If you read that the US Supreme Court decided at the end of June on a case referred to the right of confrontation of witnesses derived from the Sixth Amendment to the US Constitution (see Recent Opinions, Melendez-Díaz  vs Masachussets) ; that the voting was 5 to 4, that Justice Scalia wrote the decision for the majority and that Justice Kennedy lead the dissenters you will probably imagine the rest. Typical controversial decision splitting the Court between the conservative wing and the liberal wing. Too fast thinking this time.

The opinion of Justice Scalia was supported by Justice Thomas –nothing to write home about you may think- but also by Justices Stevens, Souter and Ginsburg.
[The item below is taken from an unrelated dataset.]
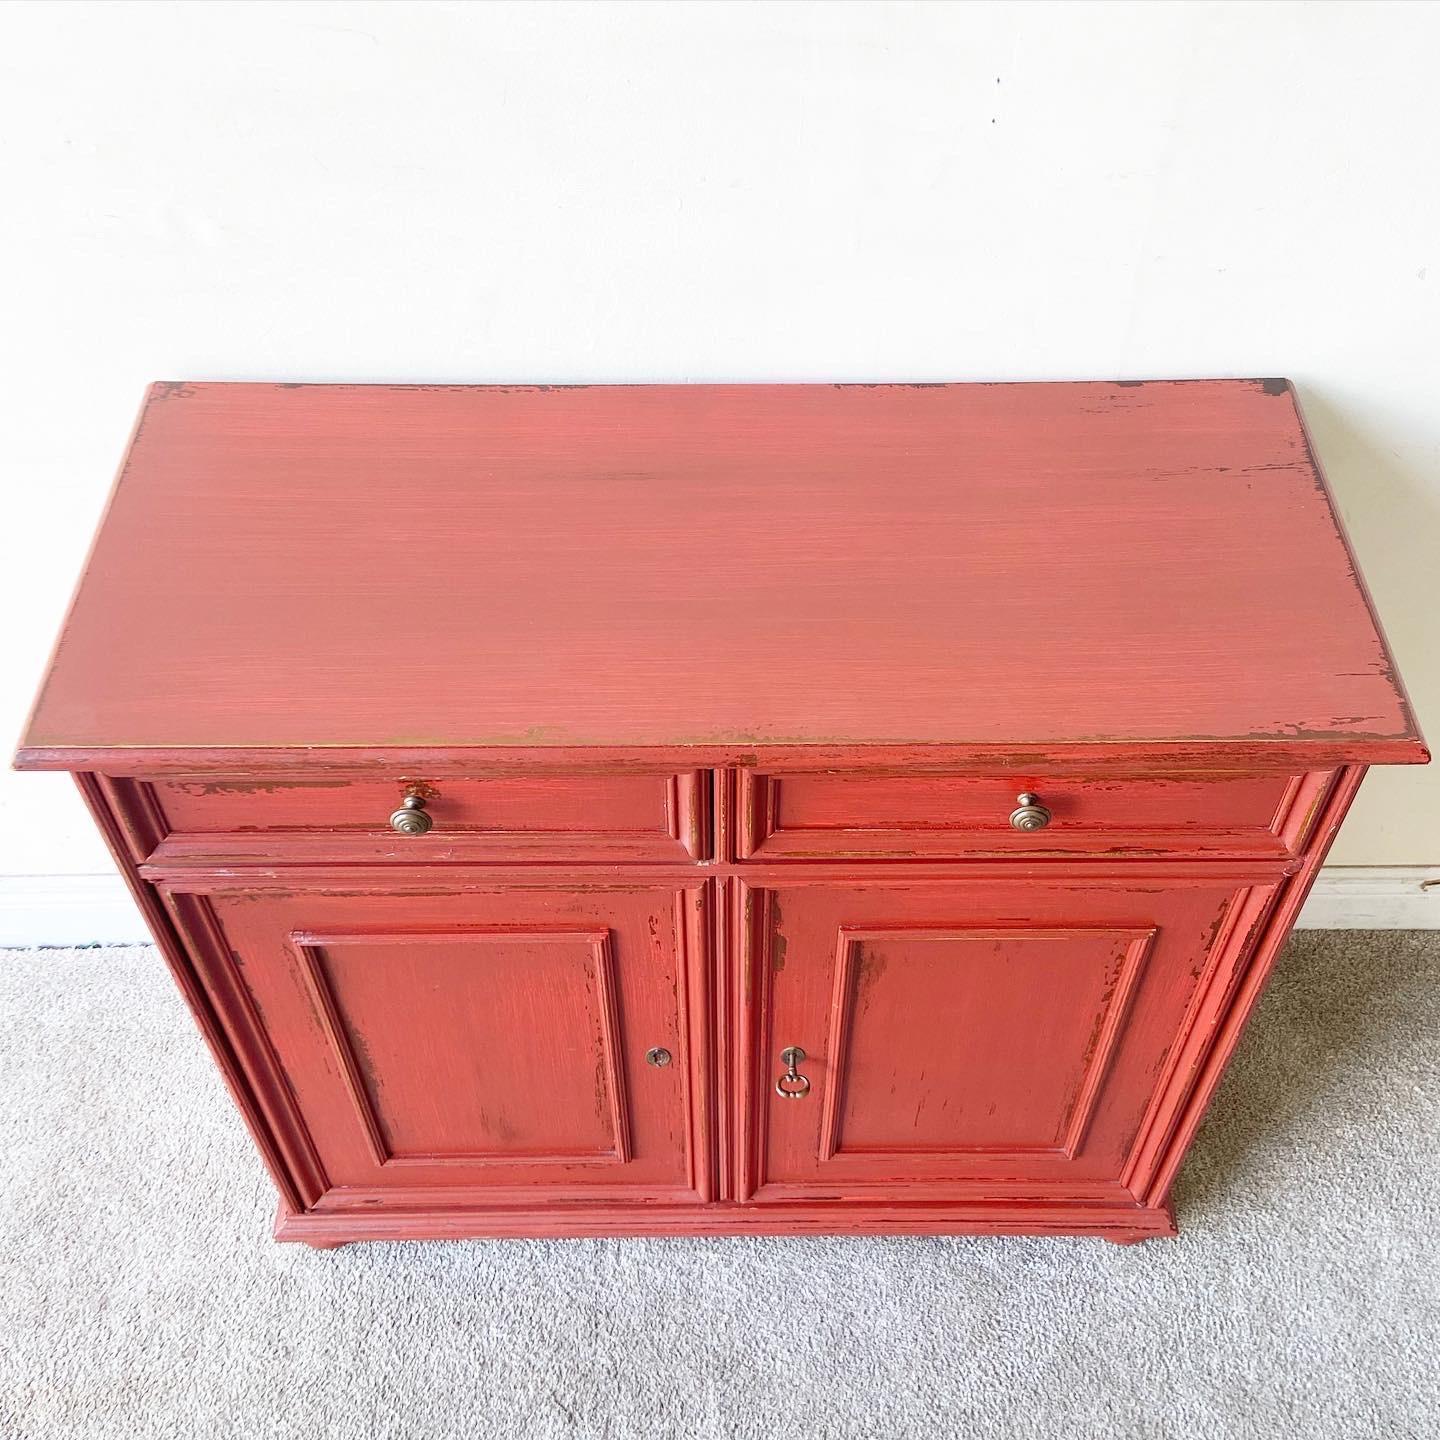 Exceptional Italian farmhouse sideboard by Buying & Design. Features a painted red distressed finish with 2 spacious drawers and shelving.
    

On the side of the dissenters, Justice Kennedy was backed once again by Justice Breyer, but his other bed mates –Justices Alito and Roberts- were not less common than Scalia’s, as they belong to the so called right wing of the Court being appointees of GWB.

In summary the Supreme Court ruled that crime laboratory reports –that have become quite familiar to the general public due to the success of the different versions of the TV series CSI- may not be used against criminal defendants at trial unless the analysts responsible for creating them give testimony and subject themselves to cross-examination. This ruling was actually an extension of a 2004 decision and comes back to underline the effects of the Sixth Amendment’s confrontation clause, which gives a criminal defendant the right “to be confronted with the witnesses against him.”
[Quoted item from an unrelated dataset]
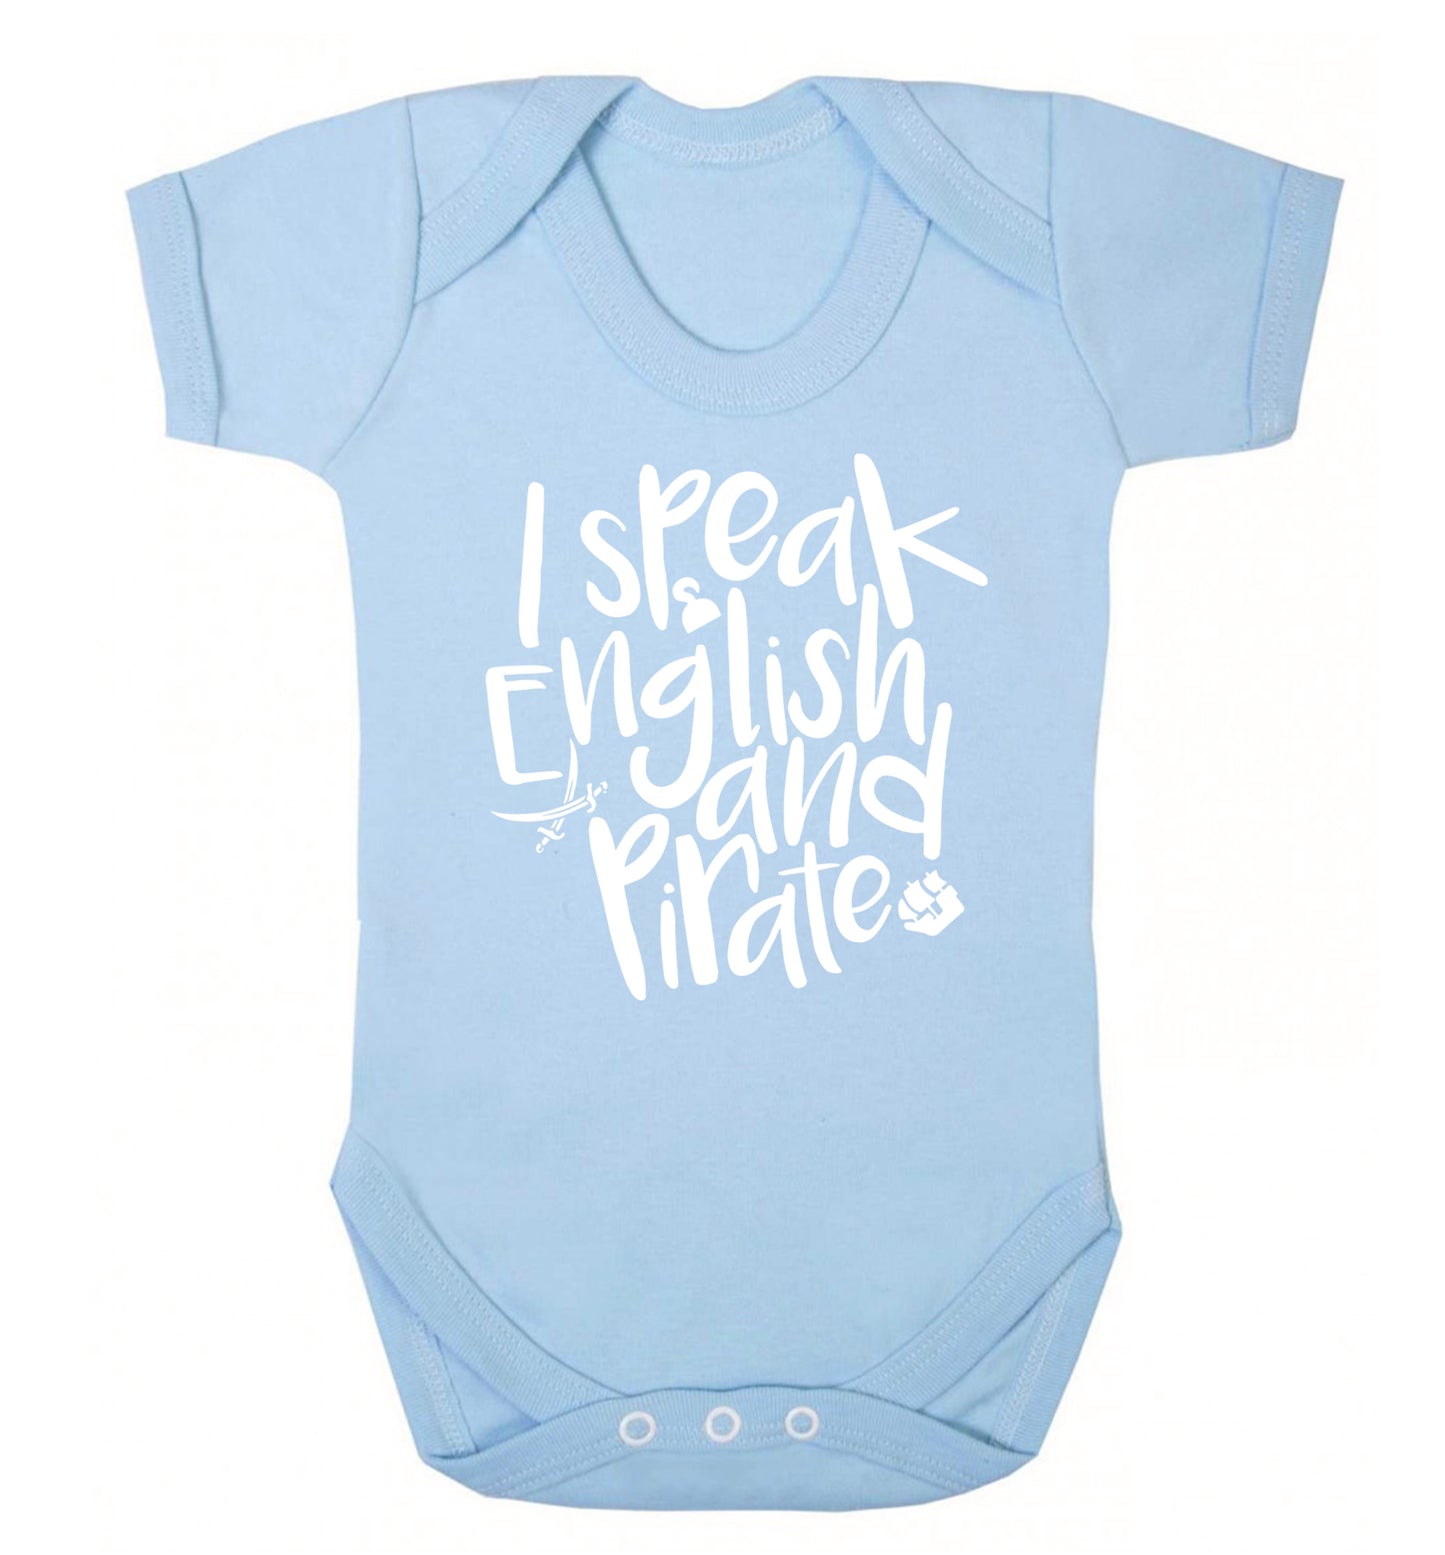 I speak English and pirate Baby Vest pale blue 18-24 months

The position of the majority seems to be based on sound grounds. The respect and protection of constitutional rights as far as criminal prosecution is concerned is not a matter of choice, and those rights and their application must never be considered and obstacle in fighting against criminal activities, even if in the day to day work it could look so.


“The confrontation clause may make the prosecution of criminals more burdensome, but that is equally true of the right to trial by jury and the privilege against self-incrimination,” Justice Scalia wrote. In his straight forward usual style he added that “Cross-examination of witnesses, is designed to weed out not only the fraudulent analyst, but the incompetent one as well.” And that the Constitution would require allowing defendants to confront witnesses even if “all analysts always possessed the scientific acumen of Mme. Curie and the veracity of Mother Teresa”.
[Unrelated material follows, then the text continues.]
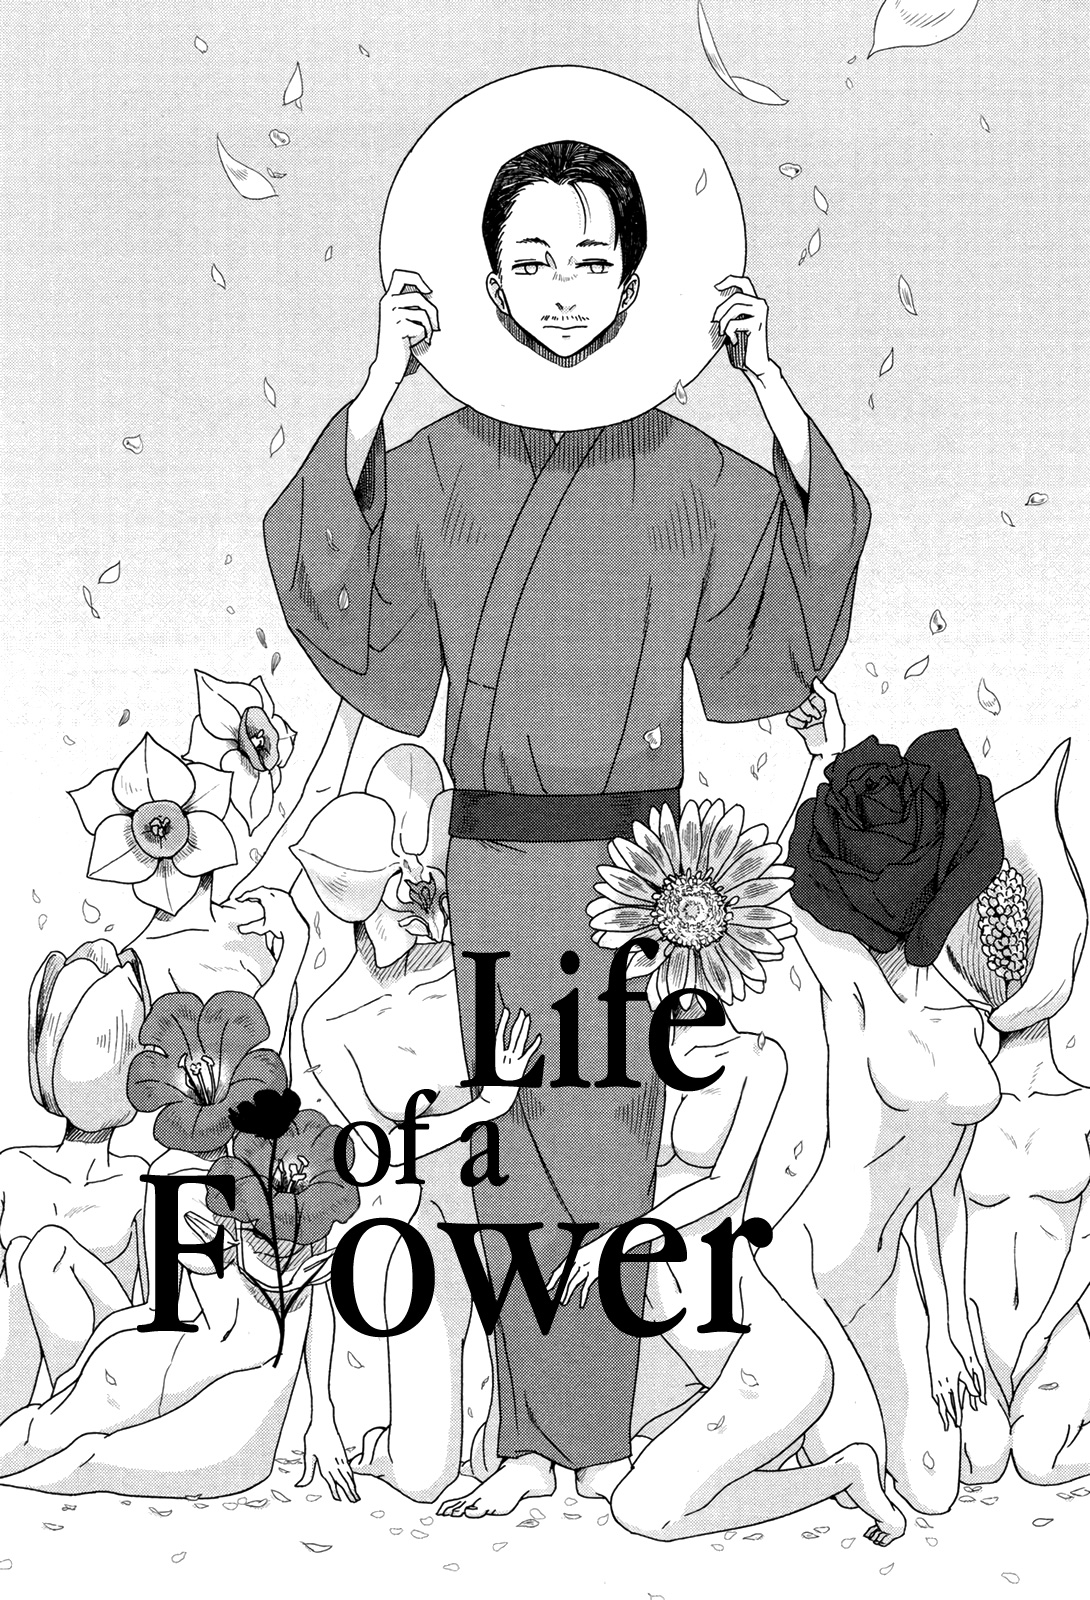 Life Is Full of Good byes Vol. 1 Ch. 7 Life of a Flower

The dissenters strongly underlined that the practical consequences of such decision could end up jeopardising thousands of criminal trials and even letting alleged criminals free. The base of their approach was the comparison between the limited resources, especially human resources, of criminal labs and the enormous number of trials to which labs’ staff could be summoned to confront the results of their analysis.


Without prejudice to my highest regards towards all Justices it appears crystal clear to me that the view of the majority is much closer to the respect of the law than the technicalities and excuses of the dissenters. It may look odd to many people that well known paladins of the Human Rights cause, namely Ginsburg, Souter and Stevens lined with classical ‘originalists’ such as Scalia and Thomas. It does not to me, as the point is whether efficiency in crime prosecution may justify lesser protection of constitutional rights, and there is only one answer for that. To provide that answer is a matter of Justice, not a question of Justices.